Richard Lacayo, observer of the arts and writer for Time magazine, asserts that it was the artist Rembrandt who changed our image of Christ from celestial concept to man on the street.  In the 17th century, says Lacayo, the Dutch painter effectively invented Christ as we tend to picture him now – “not as a remote divinity but as the ideal human being, a profoundly complex and gentle man” (“The Halo Effect,” Time, Aug. 15, 2011).

Throughout Rembrandt’s lifetime of painting, his presentation of Christ changed from an otherworldly, remote and divine figure to a consoling Christ, “quieter, more meditative, somebody who would listen,” says Lacayo. He wonders if this shift in perspective is a result of Rembrandt living life – experiencing the death of his beloved wife when she was but 30 years old, the death of three of their four children in infancy, his mounting money problems, his descent into debt. The result, says Lacayo, is that “In Rembrandt’s late, great reckoning with Christ, the natural and the supernatural are one and the same.”

It is exactly this “living life” that the disciples and first followers of Christ are now experiencing in the gospel narratives between the resurrection of Easter Sunday and the giving of the Holy Spirit at Pentecost. The life they had been living with Jesus is different from the one he calls them to now. Once they had been the followers; now they are in charge. Once the mission had been ethereal, noble, righteous, a cause worth dying for.  Now their feet would be sore, their backs would hurt, people would slam doors in their faces, and dying for the cause would no longer be just a theory.

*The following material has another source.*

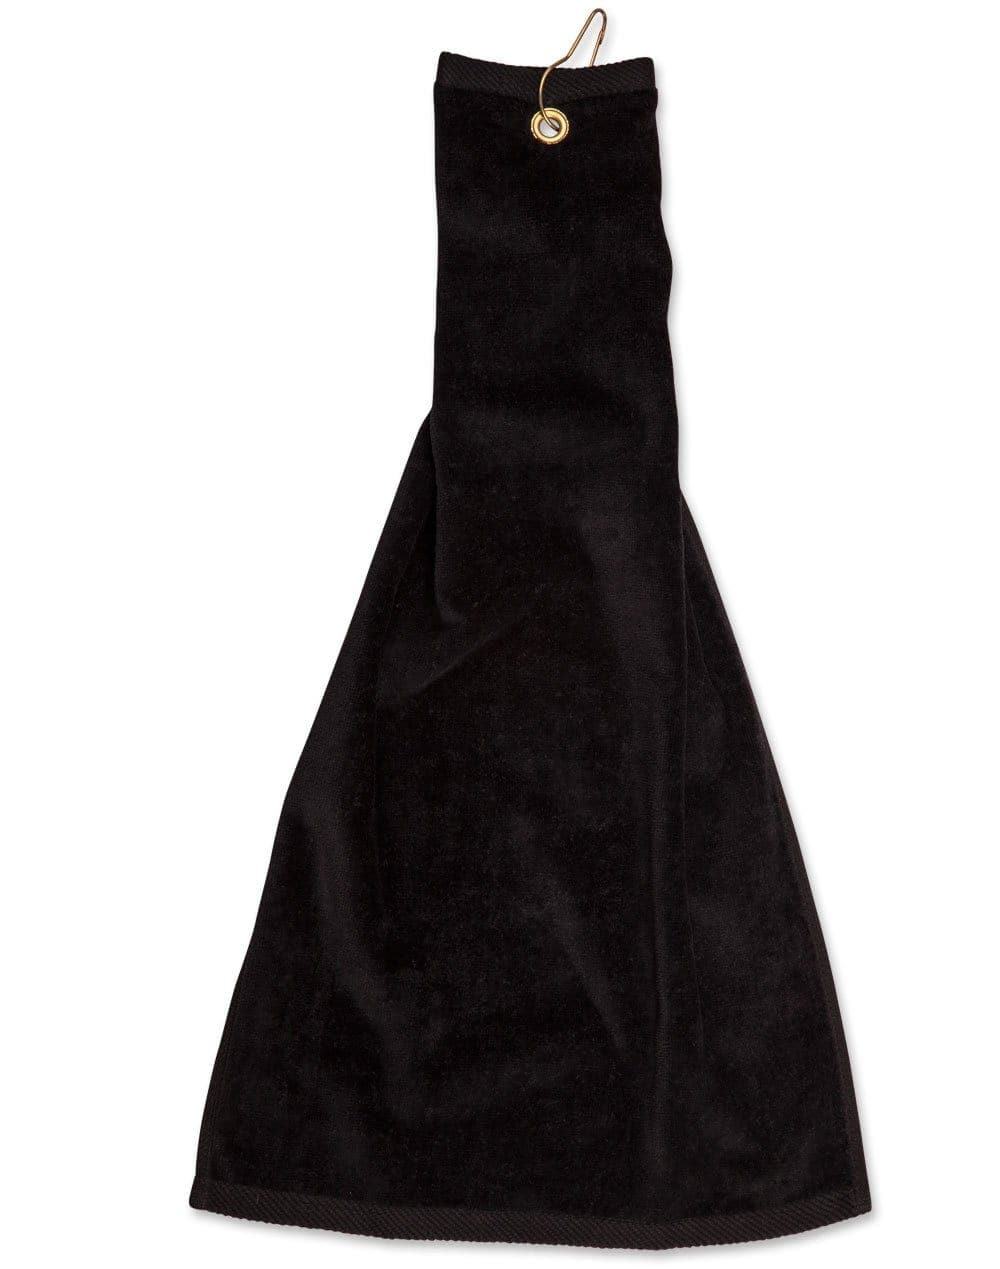 Australian Industrial Wear Work Wear Black / 38 x 65 cm GOLF TOWEL with ring & hook TW01A

Do we not find it ironic that the intangible, ghostlike Christ who floats in and out of the disciples’ lives during these 40 days becomes the Christ of their present and future reality? Perhaps we can learn something from scrutinizing those 40 days.

Of the four gospels, only John devotes more than one chapter to the 40 days; he gives it two.   (See Matt 28:1-20, Mark 16:2-19, Luke 24:1-53, John 20:1-21:24.) Acts presents the continuation of the saga in 1:1-26. In the stories we do have, we find Christ coming among the disciples most often in their ordinary lives – as they fish, as they walk along the road, as they share a meal, as they pray, as they gather together for comfort and support.

But in these commonplace incidents, we hear the words that become the stuff of church banners and bumper stickers:
“Go and make disciples of all nations, teaching them about me.”
“I am with you always, to the end of the age.”
“You are my witnesses.”
“Follow me.”
“I will send the Holy Spirit to help you.”
“Don’t be afraid.”

Easter, we are beginning to find out, was just the beginning. For the disciples – as for us — the rest of the story unfolds in the living-out of our commonplace, sometimes dull, often difficult, lives. As a professor of mine once said, “After the ecstasy, the laundry. “

E. Stanley Jones, the American Methodist writer and missionary to India, says that the disciples “went out not remembering Christ, but experiencing him. He was not a mere fair and beautiful story to remember with gratitude – he was a living, redemptive, actual presence then and there . . . The Jesus of history had become the Christ of experience” (“The Christ of Experience,” in Bread and Wine: Readings for Lent and Easter, Orbis, 2003).

The lure of Christ calls us; the hope of Christ sustains us; the Spirit of Christ enables us. But the experience of Christ, ah, that is what changes us.